Если эксплуатировать только помогающую роль гуманитарного знания, то оно, по существу, станет ненужным для построения картины мира как интег­ральной составляющей сознания человека, если будет обслуживать временные, переходящие немощи чело­века, его бессилие сделать что-то правильно, с пользой и т. п. Экзистенциальная роль гуманитарного знания в том, чтобы помочь, если уж пользоваться этим сло­вом, человеку избавиться от его главной немочи — смерти. Современные достижения в разных науках (опыты по клонированию, психотехнические воздей­ствия — настрой, например, показывают, что челове­ческие возможности в борьбе со своим главным неду­гом возрастают достаточно быстро, если мерить их мерками вечности. В конечном счете, это не только красивая мечта — бессмертие, воскрешение, это и способ мышления человека о своей природе, это по­мощь людям в главном — в определении смысла, ко­торый, как известно сегодня, надо находить каждому самому, его невозможно задать или дать, его можно найти, если жить.

В конечном итоге роль гуманитарного знания в картине мира современного человека и состоит в том, что пытается ответить на вопрос: зачем жить? И потом уже — как это делать?

Если попробовать зафиксировать те противоречия, которые есть в современном гуманитарном знании, то они могли бы, по-моему, выглядеть следующим образом.

• Является ли человек — разумный идеалом эволюции?

• Как соотносятся физическая и психическая природа че­ловека?

• Существует ли наука о ЖИЗНИ ЧЕЛОВЕКА? Можно ли освоить эту науку?

• Как в ходе эволюции неживое стало живым, а живое — со­знательным? Куда дальше идет линия эволюции неживого?

Прогресс и эволюция - как они связаны между собой? В каких отношениях находятся между собой разум и со­знание?

• Как связаны мышление и практическое действие?

• Какими способами можно (и нужно) получать достовер­ное гуманитарное знание?

Возможно, я выделила далеко не все, но перечис­ленные противоречия дают возможность сформулиро­вать, может быть, одну из важнейших задач гуманитар­ного исследования — поиск той целостности, которая содержит в себе весь потенциал развития человека, все возможности сотворения, преобразования, преображе­ния жизни во всей полноте ее воплощения.
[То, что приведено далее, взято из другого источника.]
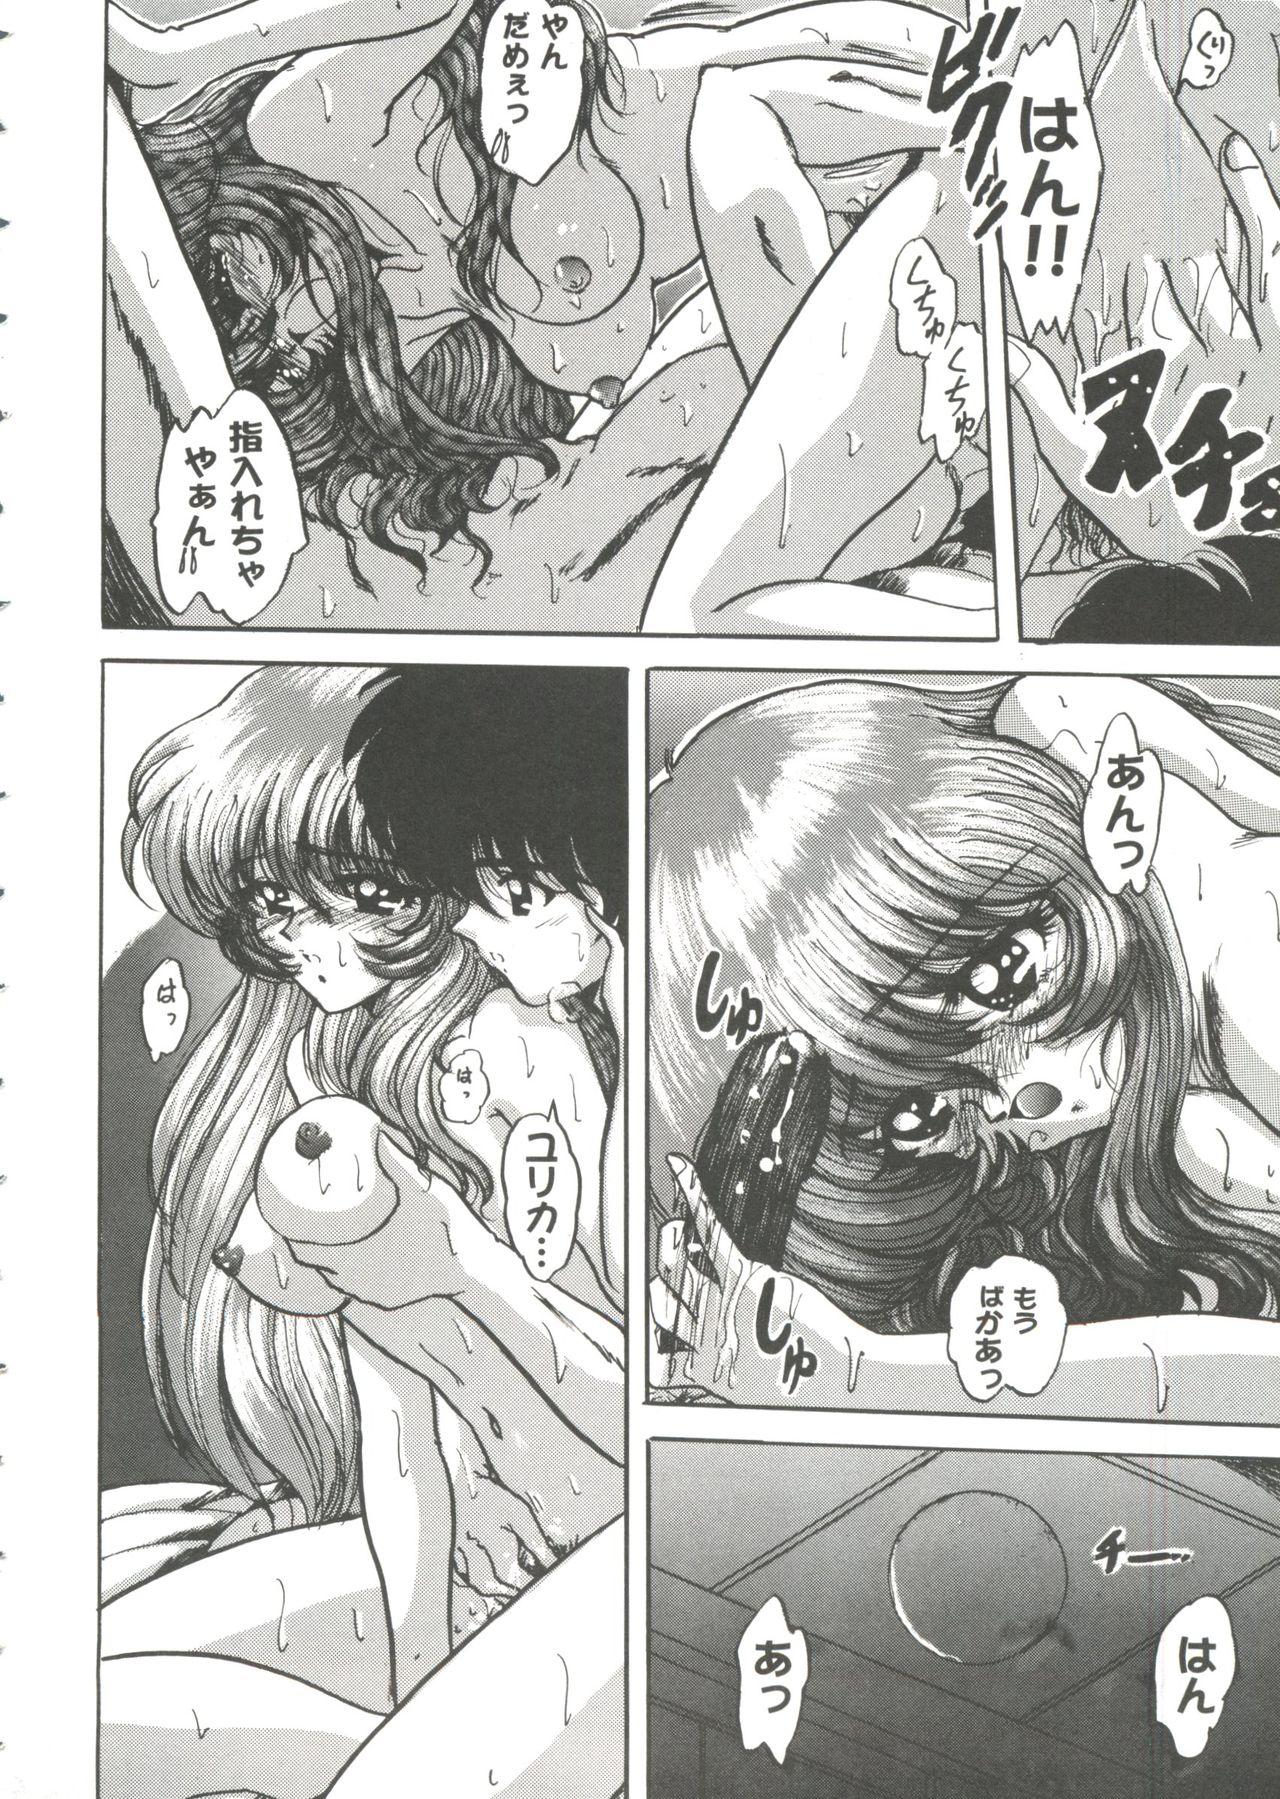 Plug Girl's Parade 99 Cut 7 - Sakura taisen Martian successor nadesico Rurouni kenshin White album Fisting - Page 8

Мне кажется, что постановка такой задачи позво­ляет выделить в гуманитарном знании важнейшие составляющие картины мира современного человека и мыслить о них, познавая их всем миром, как говорил Н.Ф. Федоров, ученых и неученых:

ЖИЗНЬ СМЕРТЬ
РАЗУМ УМ
я ДРУГИЕ
БЕССМЕРТИЕ ДЕЛО
ВЕЧНОСТЬ КОНЕЧНОСТЬ
СТРАХ РАДОСТЬ
ИДЕАЛ РЕАЛЬНОСТЬ

 

Может быть, такое знание задает целостность?

Известно, что каждый человек выстраивает свою картину мира, отражающую связность его опыта. Опыта чего? Гуманитарного знания о жизни людей, осознанного и, может быть, не воплощаемого, не воп­лощенного, но потенциально существующего. Потен­циальное — мечта — может быть реальнее осуществ­ляемого...
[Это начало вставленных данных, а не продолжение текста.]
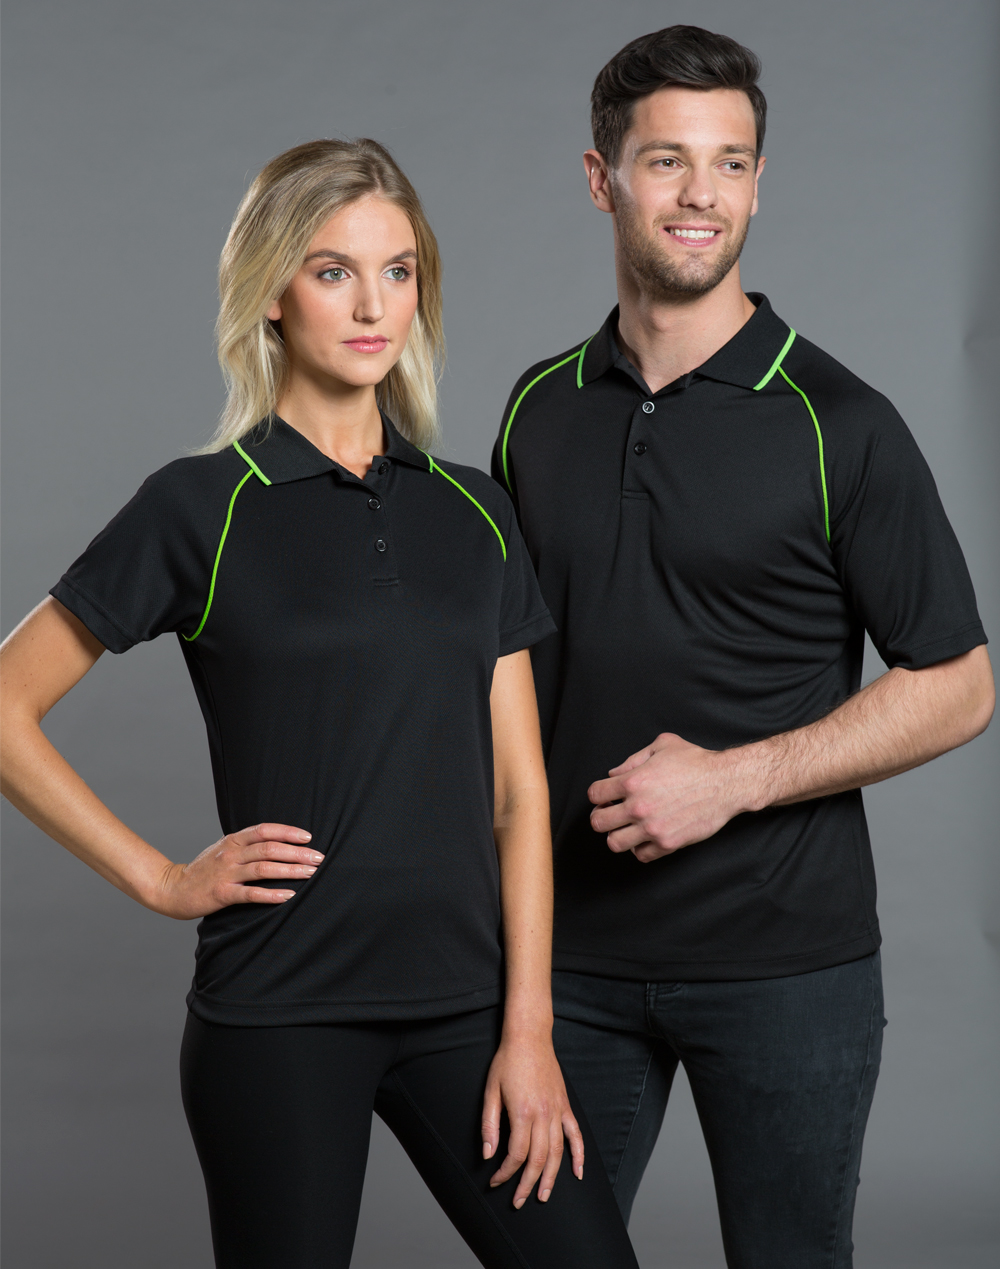 Custom Made Men's Champion Raglan Polo Shirts Online in Perth Australia

Когда определяются будничные, прозаические вещи — программы, учебные планы, — возникают одни и те же вопросы: зачем эта или иная информация людям?
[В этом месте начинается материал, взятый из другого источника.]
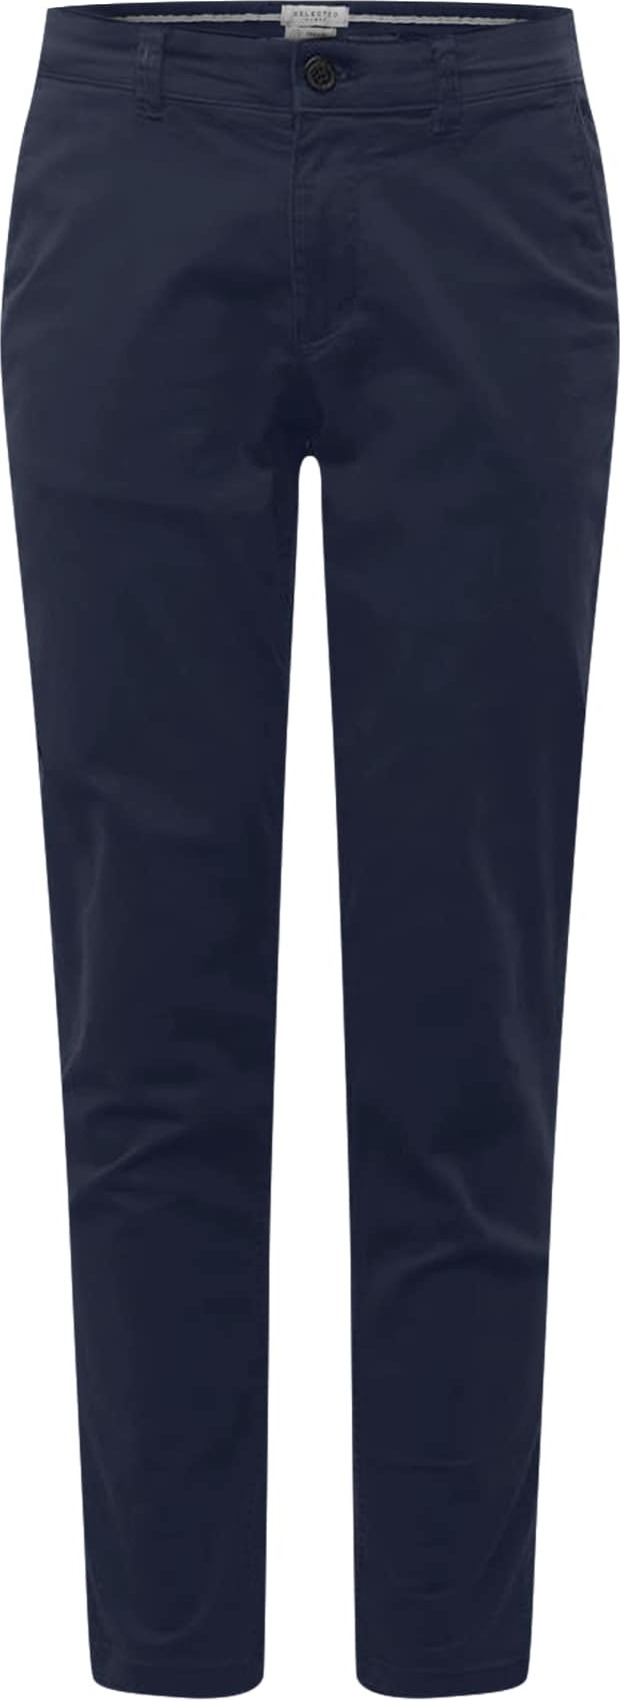 SELECTED HOMME Chino kalhoty 'NEW PARIS' tmavě modrá

Может быть, этот вопрос можно сформулировать и иначе: что с этой информацией они смогут делать?

 

Будут знать, как правильно жить, как правильно мыслить? как правильно воспринимать то или иное конкретное событие?...

СЕГОДНЯ, сейчас весь опыт, который подарила жизнь, подсказывает ответ на этот вопрос в другом направлении... Научиться жить можно, видимо, только в том случае, если живешь, а не существуешь или вы­живаешь. Самым главным признаком жизни можно, ду­маю, считать переживание своей человеческой целос­тности как неисчезающего качества, т. е. фактически реальности бессмертия...

Гуманитарное знание могло бы выполнять в кар­тине мира современного человека цементирующую роль, так как оно содержит в себе множество способов мышления за счет возможности каждого человека по­лучать, нести и применять это знание на общее дело всего человечества... Только какое оно, наше общее дело... Какой ответ мы сегодня можем дать, захотим дать, — от этого во многом, думаю, будет зависеть бу­дущее как самого гуманитарного знания, так и его место в жизни каждого человека.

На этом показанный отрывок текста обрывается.